Forent will acquire over 70 gross (20 net) sections of land including producing oil and natural gas assets surrounding our core area of Twining. Current production from the Acquisition is approximately 250 barrels of oil equivalent per day (“boe/d”) which is produced from the Pekisko formation. The oil is a high netback, medium gravity (29 degree API) crude.
The Acquisition is summarized as follows:
- Average production 250 boe/d (68% oil and liquids)
- Purchase price of $16,000 per flowing boe
|Reserves Category||MBOE(1)||Acquisition cost per BOE(2)|
|Proved Developed producing||486.4||$8.22|
|Proved plus probable||1,748.7||$2.29|
- Acquisition gross reserves (before royalties) by Sproule based on a July 31, 2015, mechanical update of the Sproule December 31, 2014 reserve report, prepared in accordance with NI 51-101.

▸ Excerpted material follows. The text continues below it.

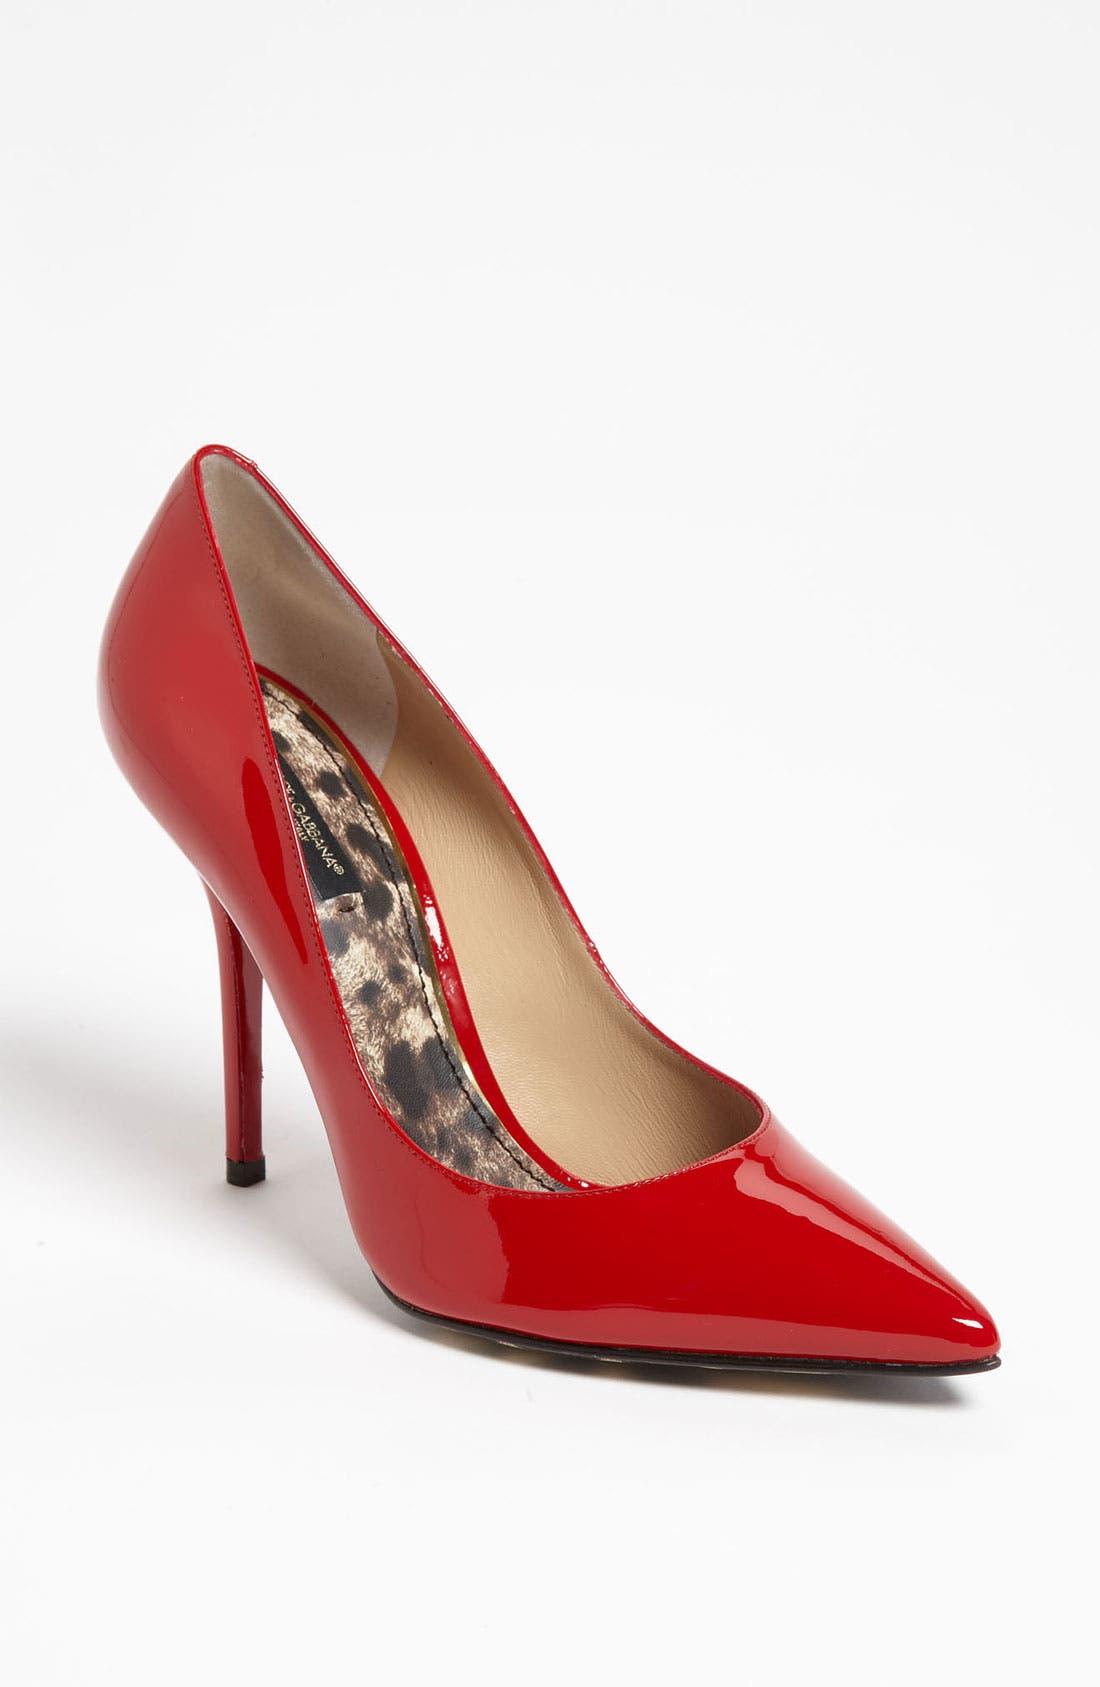 Main Image - Dolce&Gabbana Patent Pump

- Based on $4.0 million closing purchase price
Forent benefits from the Acquisition as follows:
- An increase of 100% to Forent’s current production level
- An increase of 62% to Forent’s proved developed producing reserves
- An increase of 108% to Forent’s total proved plus probable producing reserves
- An increase of 2,000% to Forent’s net land holdings in the Twining area
- The Acquisition is expected to lower Forent’s general and administration per boe by 50%
Forent’s team has identified significant upside including:
- 34 gross development drilling locations
- Stimulation of existing wells to enhance production
- Operational and facility synergies to improve efficiencies
The vendor reserved a 10% royalty on the lands and production. At the vendor’s option, the royalty can be “put” (sold) to Forent in 1% increments for $150,000 per 1% in December 2015. Forent has a “call” (purchase right) until December 31, 2018, on any royalty not tendered by the vendor for $350,000 per 1% increment, minus any royalty payments paid. This structure provides additional flexibility to facilitate the transaction and allows both Forent and the vendor to realize future upside in the current low price environment.

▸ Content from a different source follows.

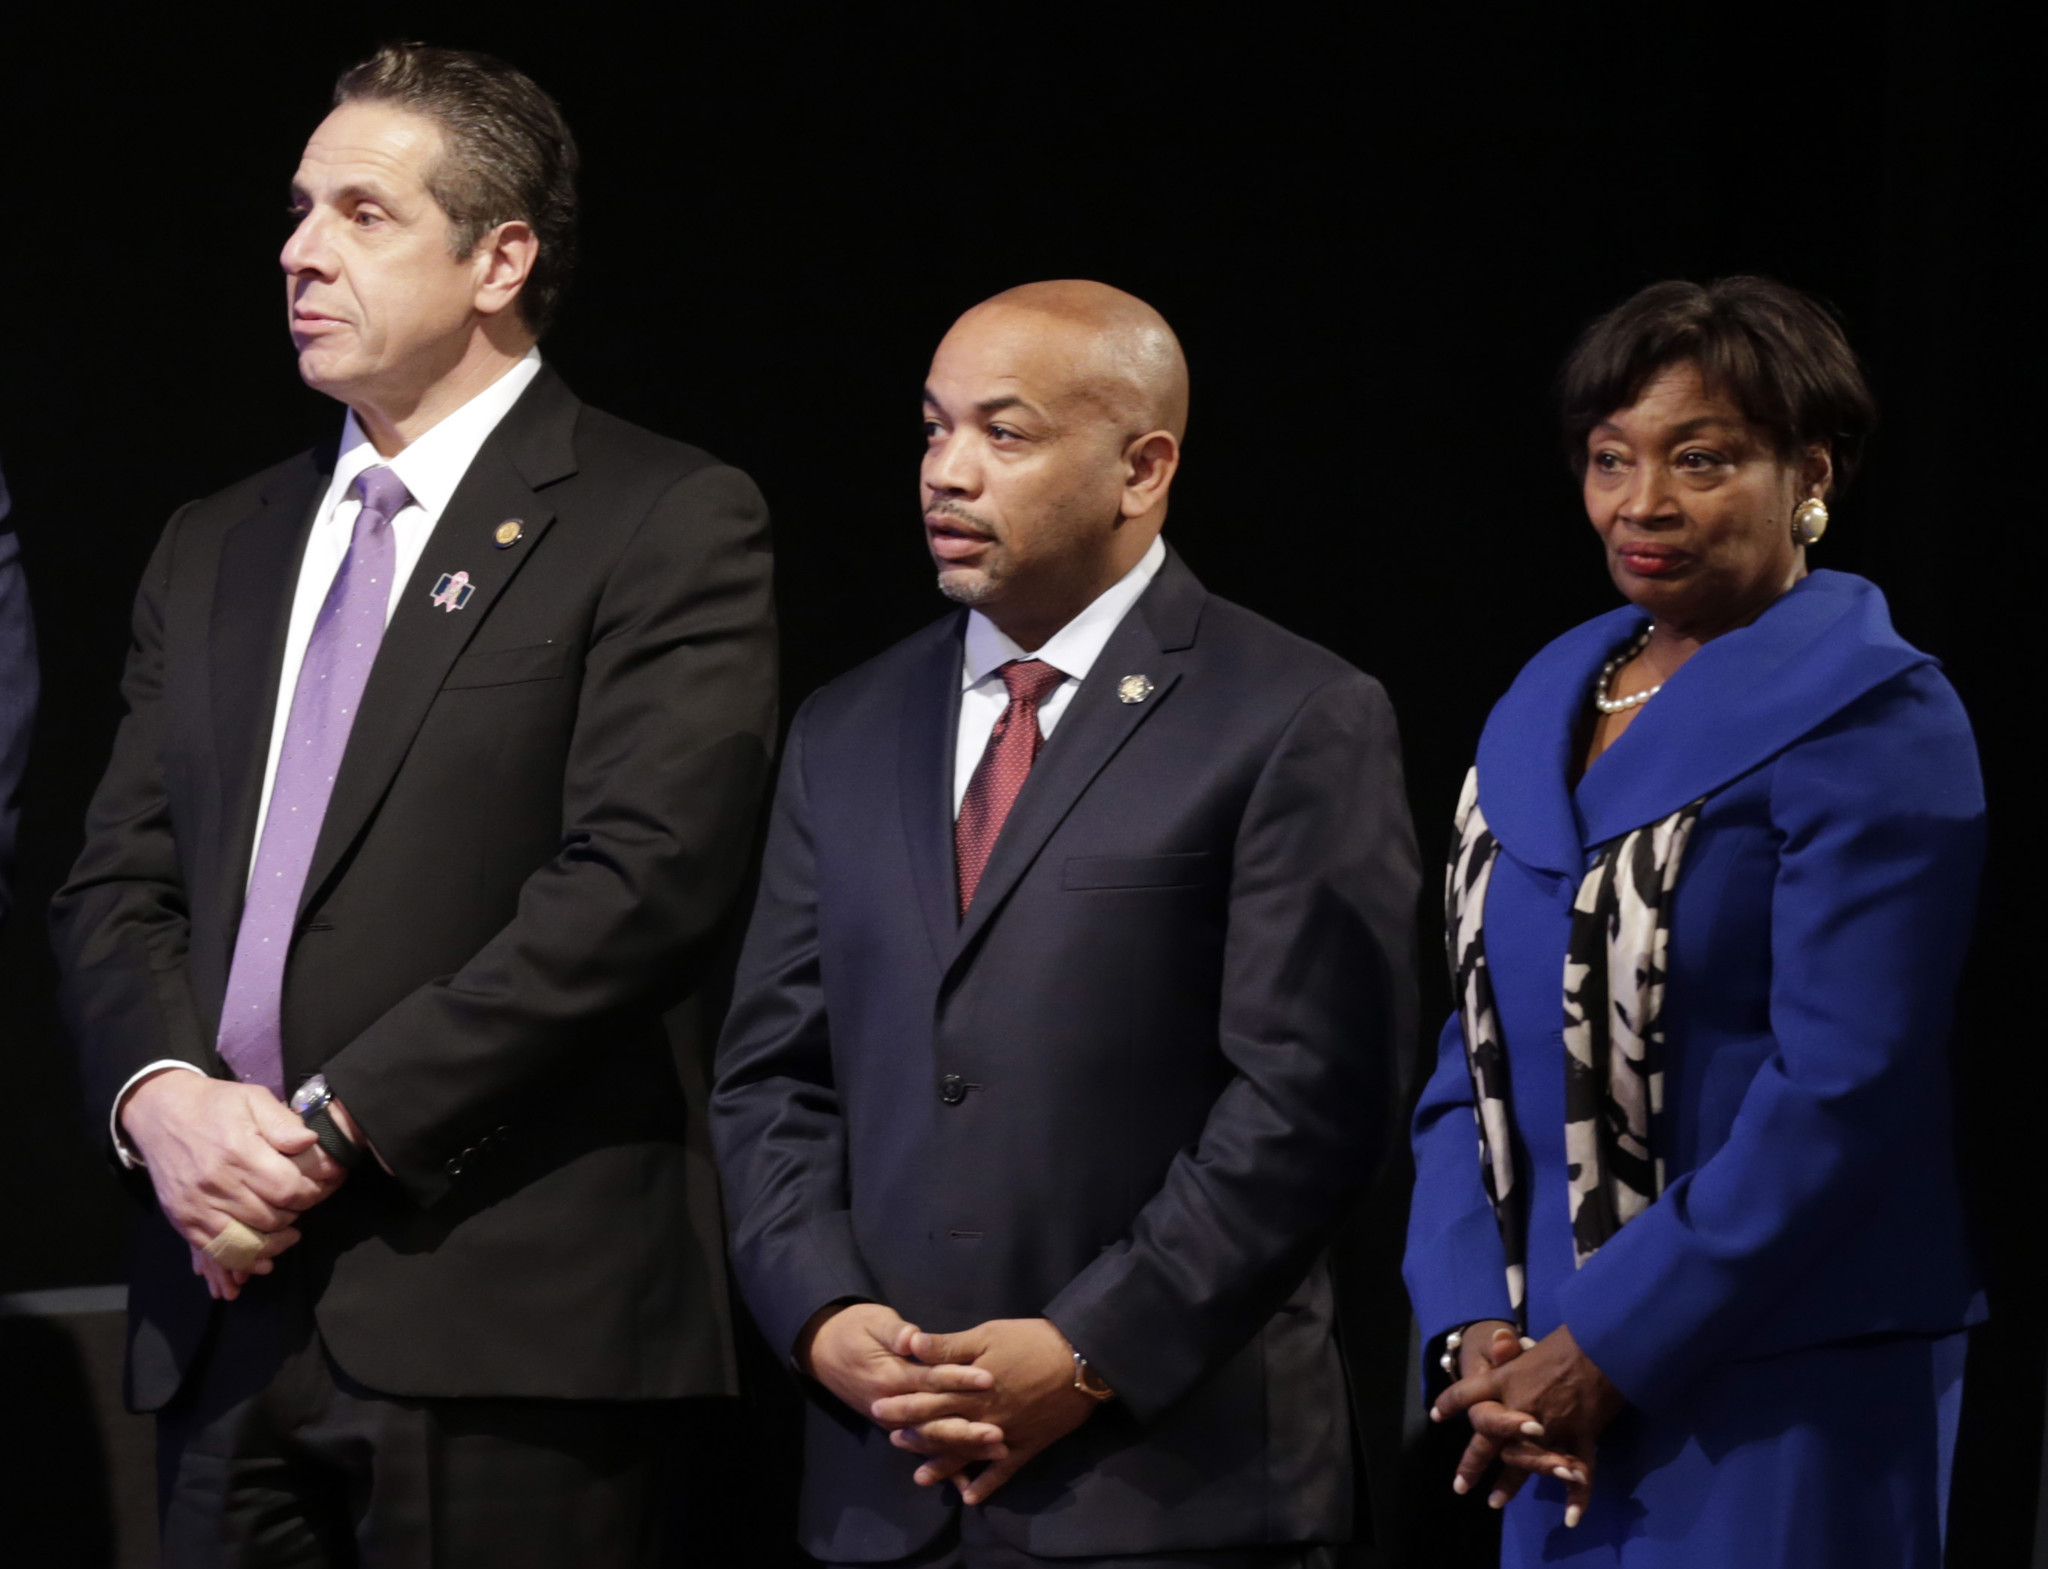 Cuomo and N.Y. legislature reach 'conceptual agreement' on budget

This all cash acquisition is from an arm’s length private company. No finder’s fees are payable with respect to the Acquisition. Forent may use existing and acquisition bank lines, an acquisition facility, and/or a possible private placement financing to provide the required cash to close of approximately $3,300,000 after deposit and closing adjustments.
Robyn Lore, CEO stated, “At the end of Q2 2015 I joined Forent, a company with a very experienced, supportive board and a strong technical team. The innovative structure of this transaction demonstrates Forent’s ability to make an acquisition attractive for both the vendor and Forent in the current low price environment. Our business plan is to continue assembling assets with solid production and large reserves in place. Production enhancements and low risk development opportunities will grow the company and position Forent to benefit significantly from an oil price recovery.”
This news release shall not constitute an offer to sell or the solicitation of any offer to buy, nor shall there be any sale of these securities in any jurisdiction in which such offer, solicitation or sale would be unlawful. The securities offered have not been and will not be registered under the U.S. Securities Act of 1933, as amended, and may not be offered or sold in the United States absent registration or applicable exemption from the registration requirements of the U.S. Securities Act and applicable state securities laws.
BOE presentation: Barrel (“bbl”) of oil equivalent (“boe”) amounts may be misleading particularly if used in isolation. All boe conversions in this report are calculated using a conversion of six thousand cubic feet of natural gas to one equivalent barrel of oil (6 mcf=1 bbl) and is based on an energy conversion method primarily applicable at the burner tip and does not represent a value equivalency at the well head.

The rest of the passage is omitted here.